Karena merasa lumayan dikenal, penuda dengan jersey warna toscanya itu memberanikan diri mengatakan sesuatu, "Hujan ya?"
Perempuan berambut hitam yang dikucir kuda itu mendengus, sepertinya ia juga dari anak kelas tiga sehingga bisa berucap seenaknya, "Apa tidak kelihatan? Jelas saja ini hujan."
Oikawa Tooru—nama pemuda sok tampan ini—sampai kaget dengan jawaban gadis super ketus dihadapannya ini, baru kali pertama ada cewek yang tidak nge-fans padanya.
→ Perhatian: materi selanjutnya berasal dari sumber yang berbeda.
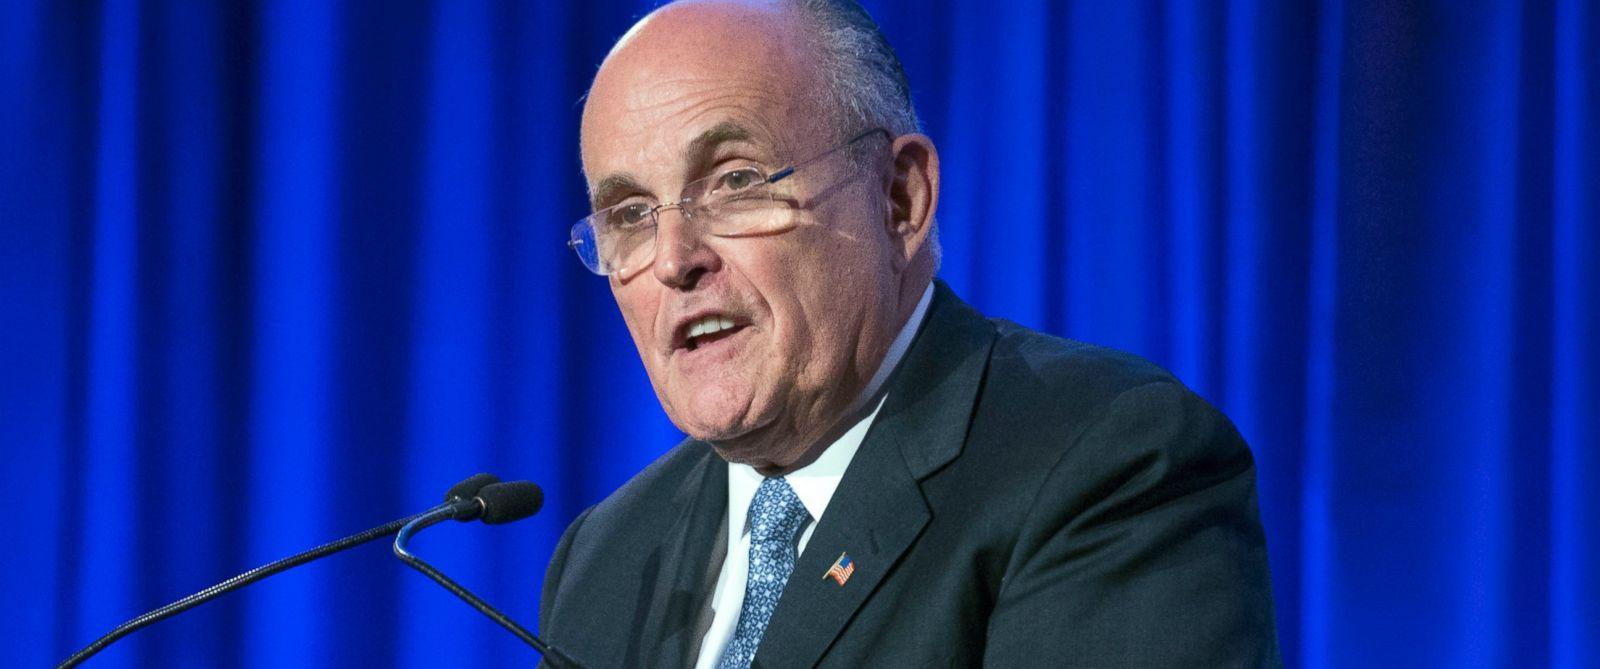 PHOTO: Former New York City Mayor Rudy Giuliani speaks in New York, May 12, 2014.

Benar-benar mebuat badmood di hari yang basah seperti hari ini.
"Kau tidak mengenalku ya?"
"Memang kau siapa mesti kukenal segala?"
"Oikawa Tooru."
"Siapa yang tanya namamu?"
"Kau."
Gadis itu menatap Oikawa tidak percaya, lalu dengan sebal mengalihkan pandangannya lagi pada rintik hujan yang sialannya malah makin besar, ia harus mundur beberapa langkah.
Kapten klub voli ini tidak puas hanya diam dan menunggu dalam keterdiaman, lagi pula rasanya agak aneh menemukan gadis yang tidak histeris padanya, seperti ada yang salah. "Kau kenapa baru pulang?"
"Aku tidak berbicara dengan orang yang tidak dikenal." Jawab perempuan itu tanpa mengalihkan pandangannya dari hujan.
"Tadikan kau sudah tahu namaku."
"Tidak ingat." Ia berkata lebih ketus, "Dan tidak peduli."
Oikawa menghela napas, "Bagaimana kalau kita mengobrol?"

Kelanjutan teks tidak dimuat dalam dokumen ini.